Melting curve examples with thermal denaturation analysis. (A) Denaturation profile of a human cation channel on the Viia7 instrument (Life Technologies). (B) Statistical summary slide of various test conditions on a eukaryotic intramembrane protease. Experiments were performed in triplicate for each condition. Red dots indicate individual replicates, the vertical black bar represents the mean, and the blue diamonds represent 95% confidence interval of melting temperature. The Red X’s signify an uninterruptable melting curve that was omitted from the final analysis. (C) Size-exclusion chromatography profile of a eukaryotic intramembrane protease prior to buffer optimization with thermostability testing. Note the large aggregate peak. (D) Purification of a eukaryotic intramembrane protease following thermostability optimization. A concomitant reduction of pH from 7.5 to 6.5 and increase of NaCl concentration from 150 mM to 400 mM resulted in a narrower profile as judged by SEC with larger amounts of extracted protein, likely due to prevention of partial protein unfolding leading to denaturation and aggregation. (E) Example of an uninterpretable protein melting curve on the Viia7 instrument (Life Technologies) and analyzed with the Protein Thermal Shift (PTS) software (Life Technologies). For the color version of this figure go to http://www.currentprotocols.com/protocol/ps2911.

Materials

  • Isolated membranes for protein purification (see above, Membrane Protein Purification for Structural Studies)

  • Iodoacetamide

  • CPM dye (Life Technologies)

  • Dimethyl sulfoxide (DMSO)

  • PTS dye (Life Technologies)

  • Test buffer (e.g., test conditions varying pH, salt, osmolytes, lipid, and ligands)

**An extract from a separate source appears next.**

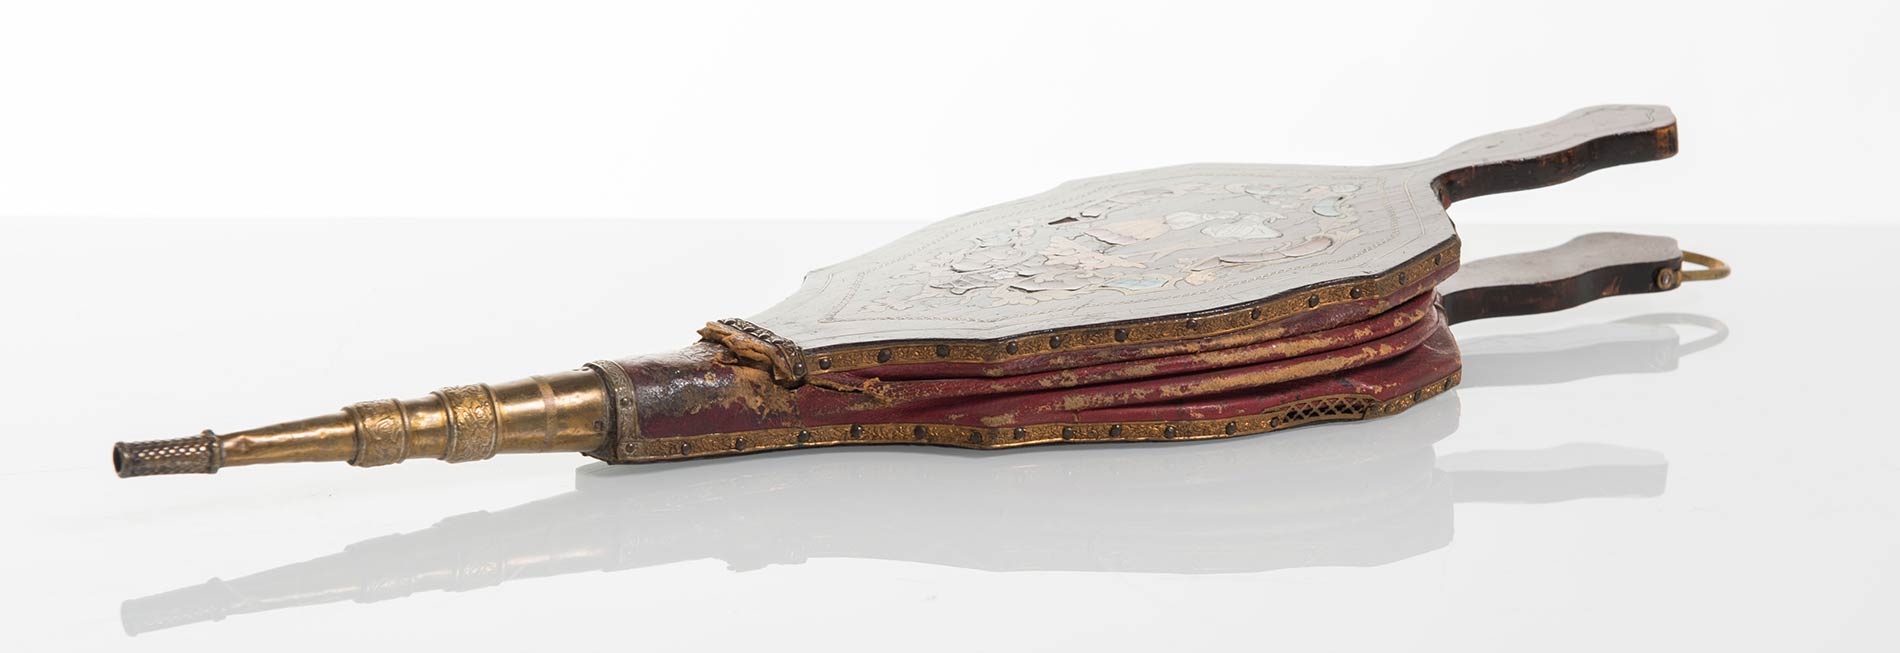 Mantice in cuoio e legno con intarsi in lacca, madreperla e ottone, XIX sec. - Image 2 of 3

  • Method for concentrating protein (e.g., spin concentrator, stir cell)

  • Method for determining protein concentration (e.g., BCA assay, A280 absorbance)

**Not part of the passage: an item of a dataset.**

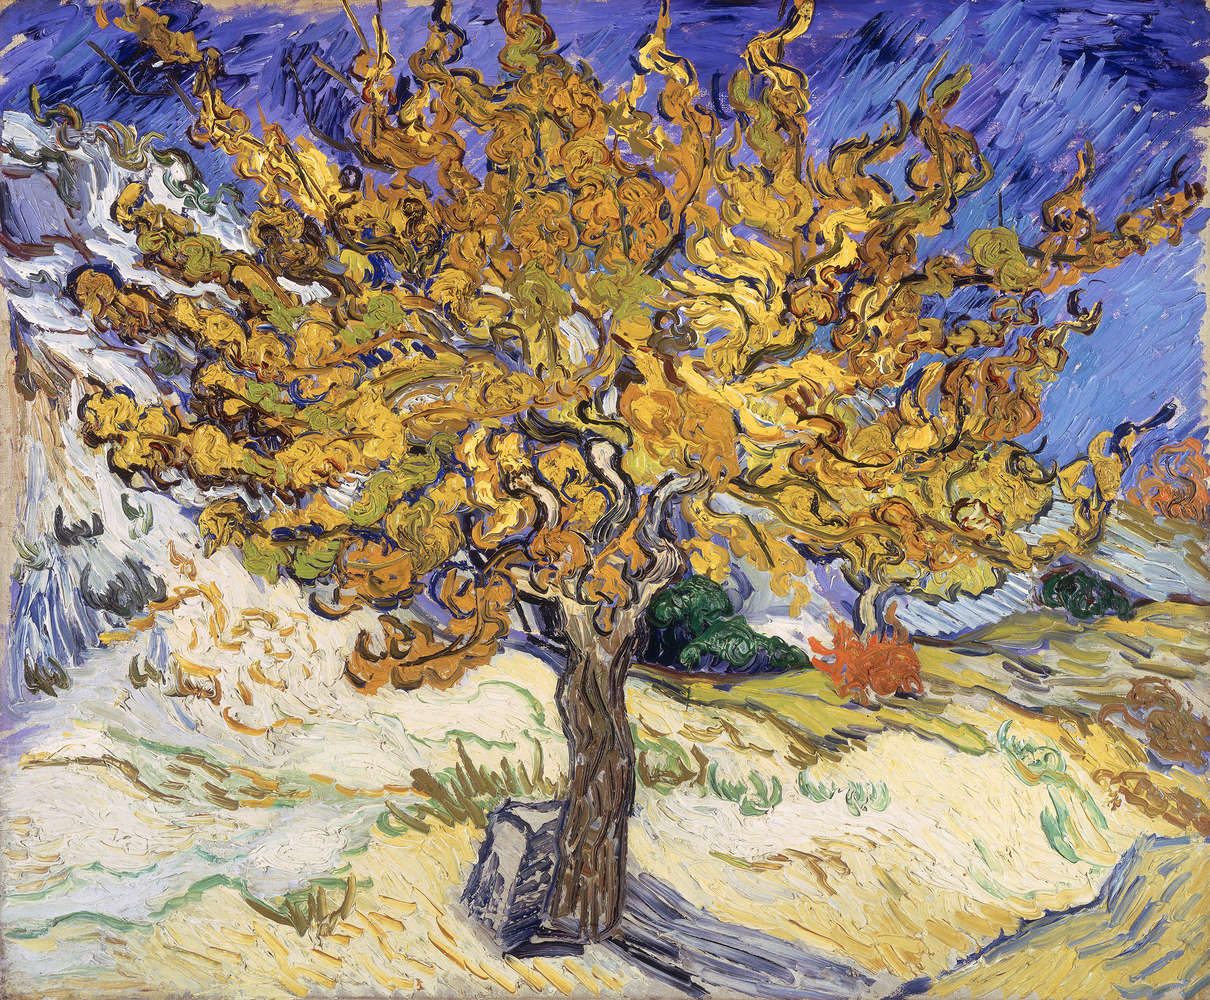             Mural "Mulberry Tree" de Vincent van Gogh

  • qPCR instrument or cuvette fluorometer

  • Aluminum foil

  • Software (GraphPad/Prism from GraphPad Software, Excel/Gnu plot)

Prepare the protein sample

  1. Isolate membranes using standard membrane protein purification protocols (e.g., Hays et al., 2010). In the detergent solubilization step, add 1 mg iodoacetamide per 1 ml of membrane suspension and stir vigorously (can be concurrent with solubilization).

    • This obviates the need for a reducing agent and is compatible with crystallization and structure determination.

  2. Prepare the purified sample under desired purification conditions and concentrate protein to >0.1 mg/ml in preparation for the assay.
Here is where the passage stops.